Kalkutta 1932. Ben und seine Freunde von der geheimen Chowbar Society
sind gerade sechzehn geworden. Es ist Zeit, das Waisenhaus zu
verlassen, in dem sie aufgewachsen sind. Bei der Abschiedsfeier taucht
plötzlich eine alte Frau mit einem jungen Mädchen auf, das Ben sofort
fasziniert. Wer ist sie? Als die beiden dahinterkommen, was sie
tatsächlich miteinander verbindet, befinden sie sich schon mitten in
einem mörderischen Strudel, der sie tief in die Unterwelt Kalkuttas
zieht. Ein Schatten aus der Vergangenheit trachtet ihnen nach dem
Leben. Und er ist ihnen näher, als sie ahnen…
Rezension
Mit „Mitternachtspalast“ liegt nun Zafóns „Nebeltrilogie“ vollständig
in deutscher Sprache vor. Und das einheitlich in schöner Aufmachung –
auch wenn der Fischer-Verlag bei diesem letzten Buch am Leseband spart.

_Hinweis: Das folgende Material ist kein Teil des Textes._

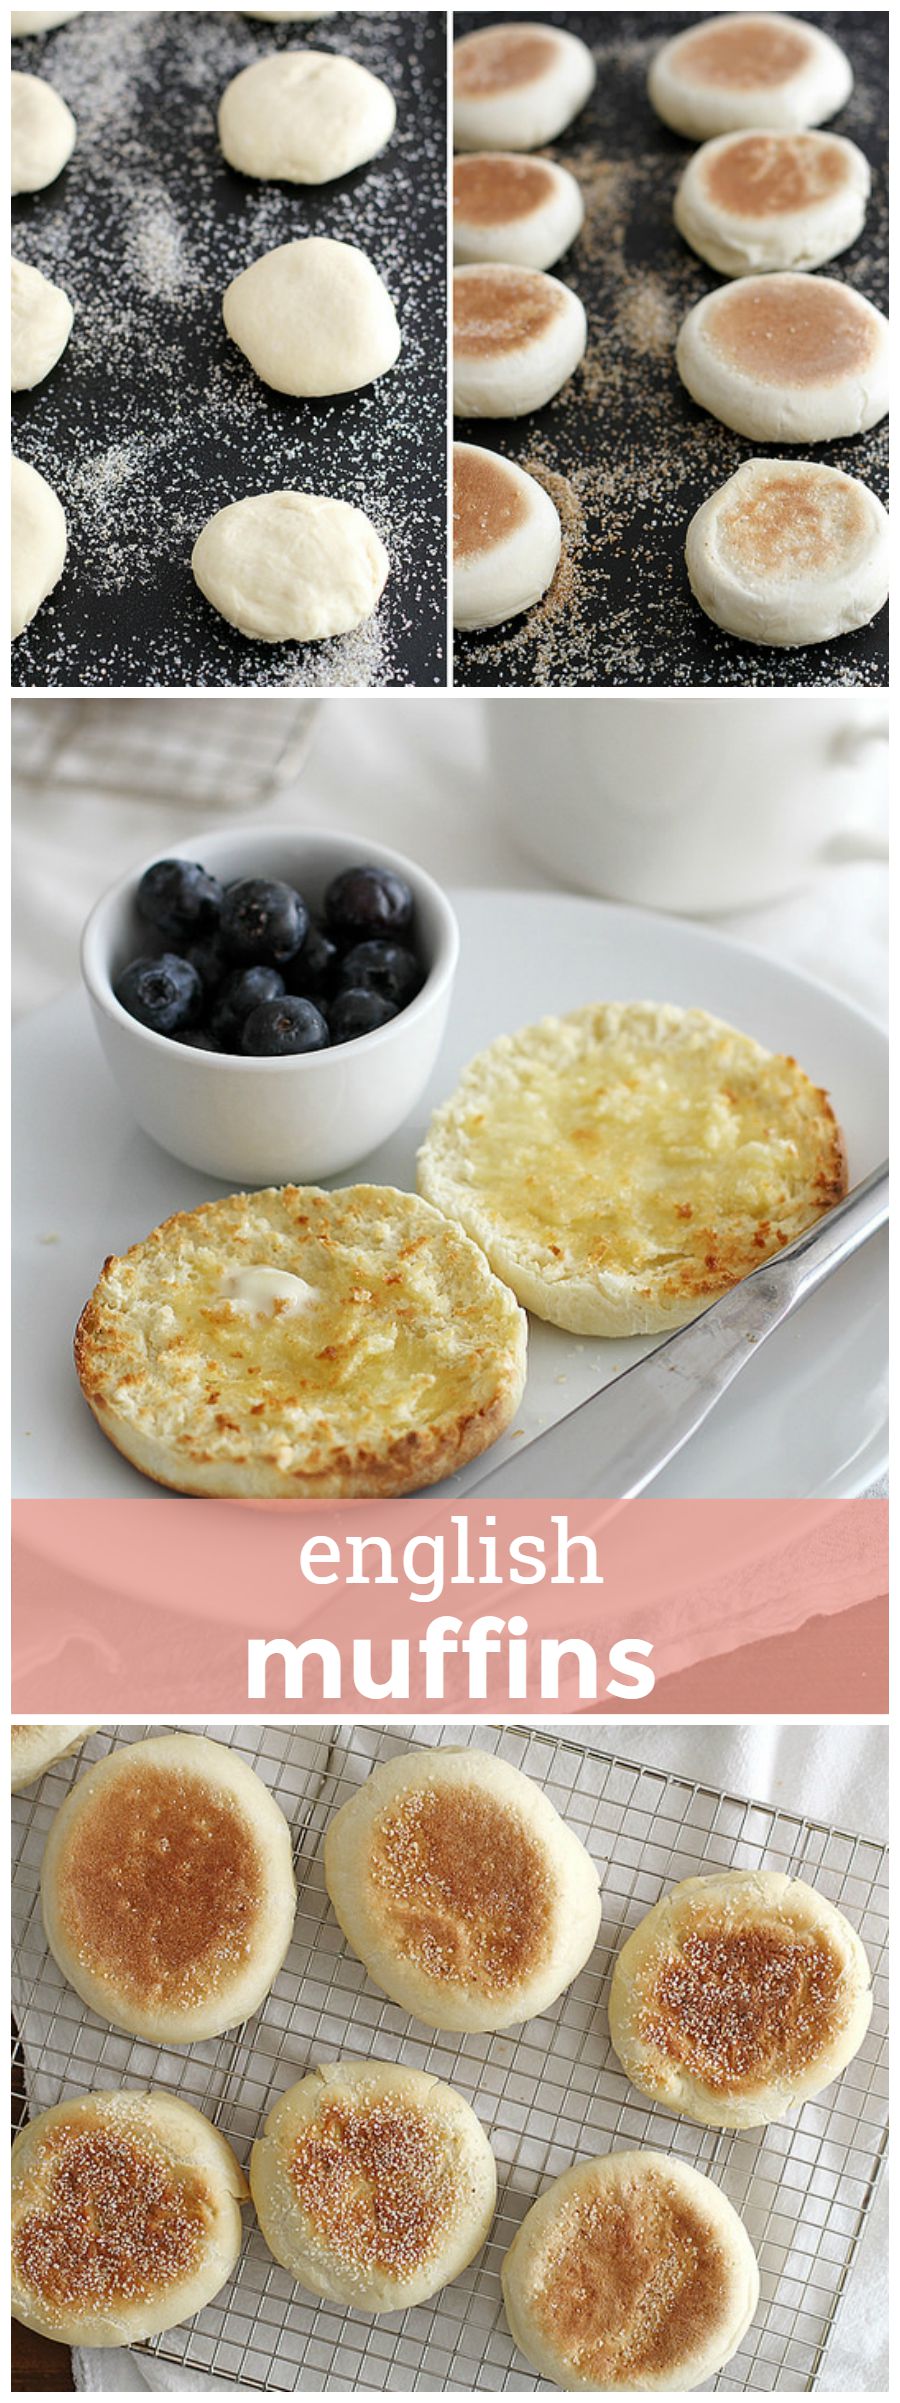 English Muffins -- All the nooks and crannies for butter, jam, etc. all made from scratch! www.girlversusdough.com @girlversusdough

Wer bereits die anderen Bände der Nebel-Trilogie kennt, den wird
„Mitternachtspalast“ kaum überraschen. Und das soll das Buch auch gar
nicht; vielmehr sind die einzelnen Bände als Variationen desselben
Grundthemas zu verstehen; ein böser Geist aus der Vergangenheit, der
nun den Protagonisten das Leben schwer macht – was zweimal klappt, wird
wohl auch noch ein drittes Mal klappen?
Das tut es – zumindest teilweise. Dennoch ist „Mitternachtspalast“ das schwächste Buch der Trilogie.
Trotzdem: Auch wenn es nicht an die anderen Bände heranreicht, so ist
aber wenigstens in Ansätzen deren erzählerische Genialität spürbar.
So schafft Zafón beispielsweise mit dem Kalkutta der 1930er Jahre zwar
einen vielversprechenden und außergewöhnlichen Schauplatz, kann dabei
aber nicht ganz die dichte Atmosphäre der von der Idee her sogar
banaleren Schauplätze der anderen Bände erzeugen. Trotzdem bleibt das
Setting – gemessen an anderen Büchern – ideenreich und fesselnd. Zafóns
Gespür für magisch anmutende Orte erweist sich ein weiteres Mal als
zuverlässig, seien es alte Villen oder – ein besonders
außergewöhnlicher Schauplatz – die ausgebrannte Ruine des einst
modernsten Bahnhofes von ganz Indien. Zafón schafft es durchaus, mit
seinen Worten Bilder in die Köpfe der Leser zu zaubern – nur eben
diesmal nicht ganz so intensive wie in anderen seiner Bücher.
Nichtsdestotrotz pflegt Zafón einen sehr angenehmen Sprachstil, der im
Bereich der Jugendbücher angenehm aus der Masse hervorsticht.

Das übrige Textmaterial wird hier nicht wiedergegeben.